The most defensible DIY estimate is: (total shares from latest proxy) multiplied by (current RBLX price) plus a conservative allowance for cash compensation accumulated over prior years. You will arrive at a number consistent with what Forbes and Bloomberg publish.
Net worth vs. actual cash: what the number really means
This is the part most readers overlook. A $5 or $6 billion net worth figure does not mean David Baszucki has $5 or $6 billion sitting in a bank account. The overwhelming majority of that figure represents Roblox shares, which are an asset, not cash. To convert that equity into spendable money, he would need to sell shares, which triggers taxes, requires SEC compliance (founders must follow Rule 10b5-1 trading plans and file with the SEC before selling), and can move the stock price if done in large volumes.

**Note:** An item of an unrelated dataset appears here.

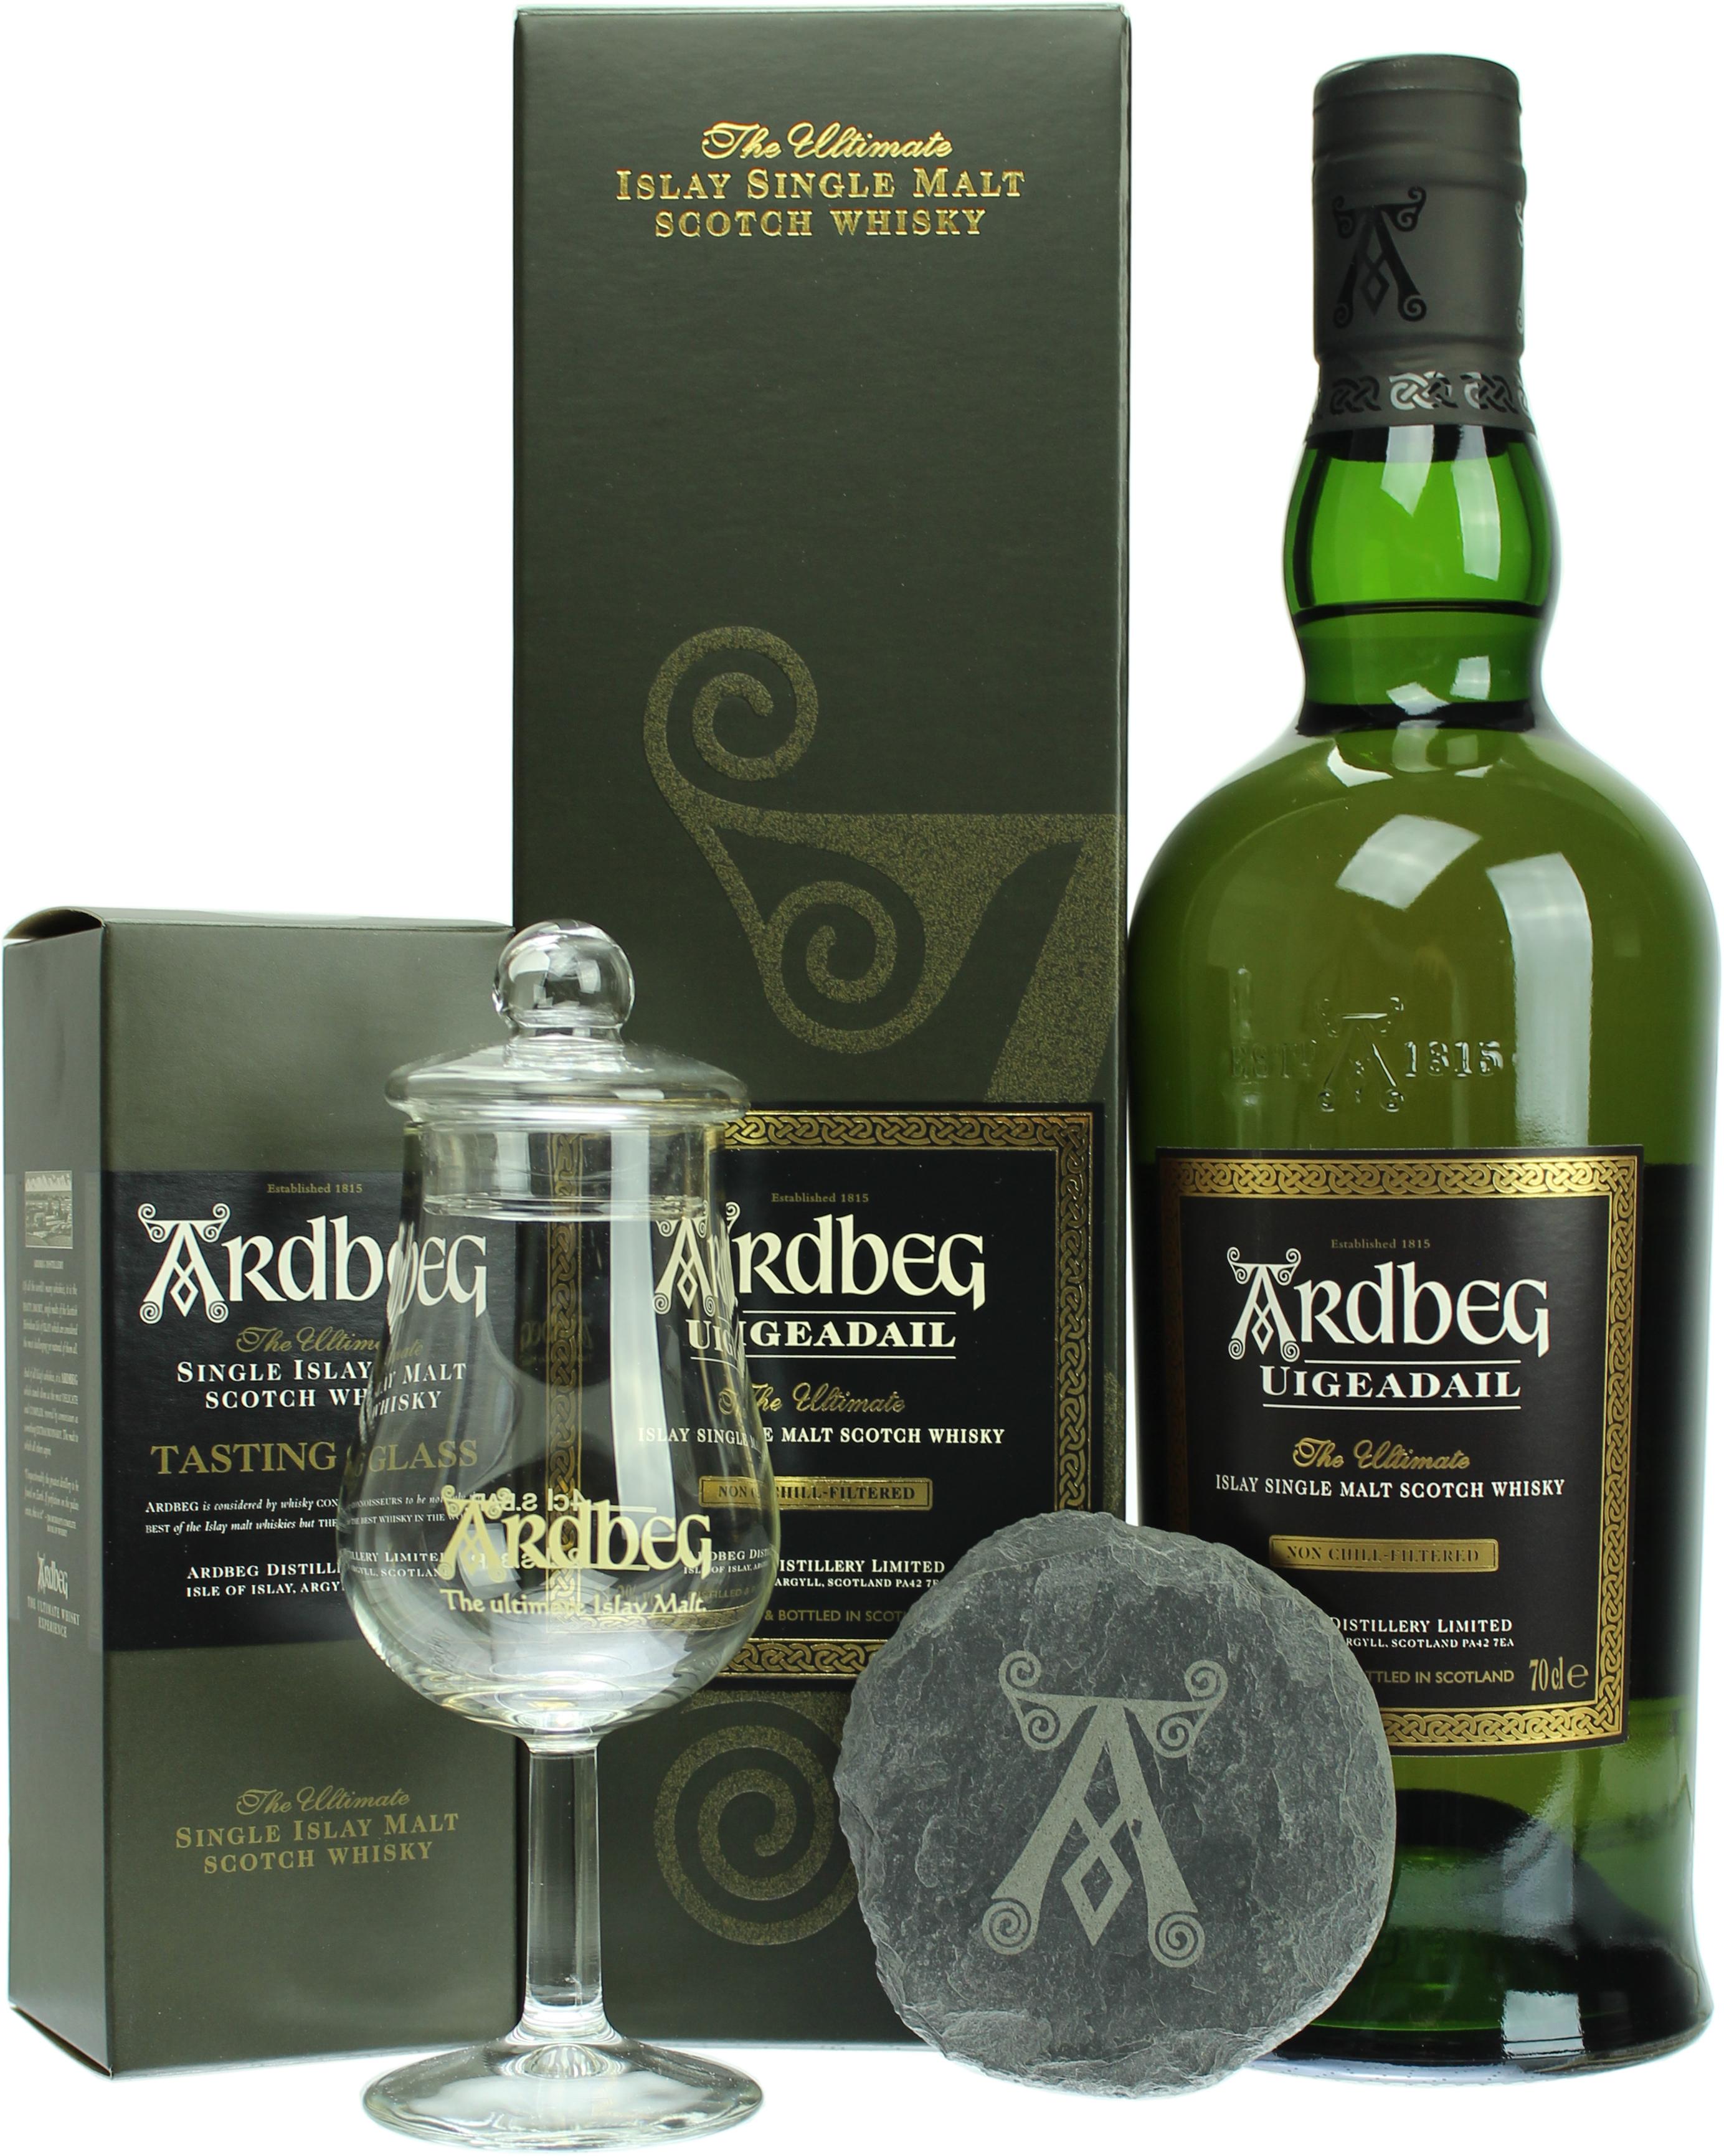 Whisky: Ardbeg Uigeadail 0,7l Geschenkset mit Nosingglas mit Deckel und Schiefer-Untersetzer (ab 75 Euro versandkostenfrei ==> 57,80 €)

In practical terms, the day-to-day liquidity available to someone like Baszucki is his salary and any pre-planned share sales under a 10b5-1 plan, both of which are substantial but far smaller than the headline net worth figure. The $5.6 billion estimate is a measure of accumulated wealth and economic ownership, not a measure of cash flow or spending power in any given month.
There are a few other common misconceptions worth flagging. First, estimates from different sources will always vary slightly because they use different methodologies, different share counts, and different update frequencies. A $200 to $300 million difference between Forbes and Bloomberg is not unusual and does not mean one source is inaccurate. Second, the figure can drop significantly without any change in Baszucki's behavior: a 10% decline in RBLX stock alone would reduce his estimated net worth by hundreds of millions of dollars on paper. Third, philanthropic donations reduce the tracked net worth, so a lower figure from one period to the next does not necessarily mean financial losses.
If you are researching Baszucki's wealth for context, the most honest framing is: he is a multi-billionaire whose wealth is tightly coupled to Roblox's market performance, with a best estimate in the $5 to $6 billion range as of early 2026, and the most accurate current figure is always one click away on Forbes or Bloomberg's live trackers.